In Sweden, a cooperative association can be liquidated by a unanimous resolution in favour of liquidation at the first general meeting. Alternatively, termination may be achieved through consecutive general meetings in which a simple majority at the first meeting followed by a subsequent two-thirds majority would be sufficient to trigger liquidation. The reporters suggest, however, that it is probably simpler for the group to sell their shares on the open market than to start a process of liquidating the association.

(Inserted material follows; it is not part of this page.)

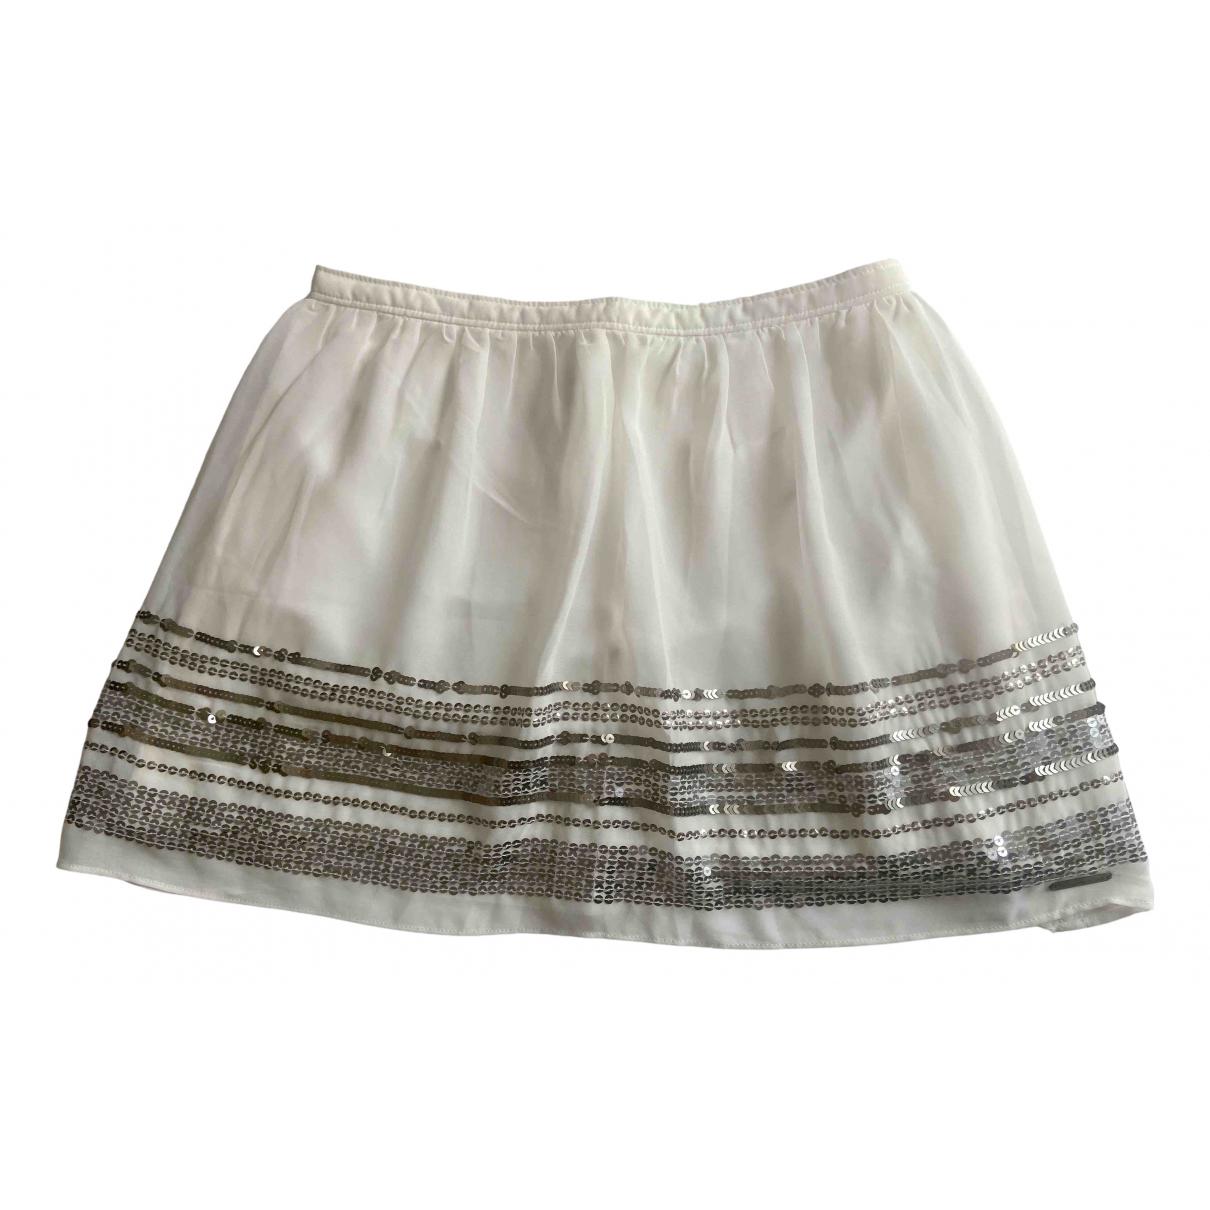 Abercrombie & Fitch - Jupe   pour femme - blanc

If an apartment association has been established in Estonia, the management board may submit an application for a dissolution of the association by a declaration of bankruptcy. However, the dissolution of an apartment association has far from an overwhelming impact; once it is dissolved the scheme is managed by the community of apartment owners under the provisions of the Law on Apartment Ownership.
Descriptive formants
The general descriptive formants for this Case are the provisions of condominium and real estate cooperative legislation, the Model By-laws (or the Model CCS) and procedural provisions contained in legislation on associations and company law. This is supplemented by landlord and tenant analogies, case law and academic literature. In Scotland, it was found that Development Management Schemes could cope better with the issues encountered in the given scenario.
(a) With regard to maintenance issues, reporters had to explain two key distinctions. These distinctions had to be drawn between ‘maintenance’ and ‘improvements’ on the one hand, and ‘substantial’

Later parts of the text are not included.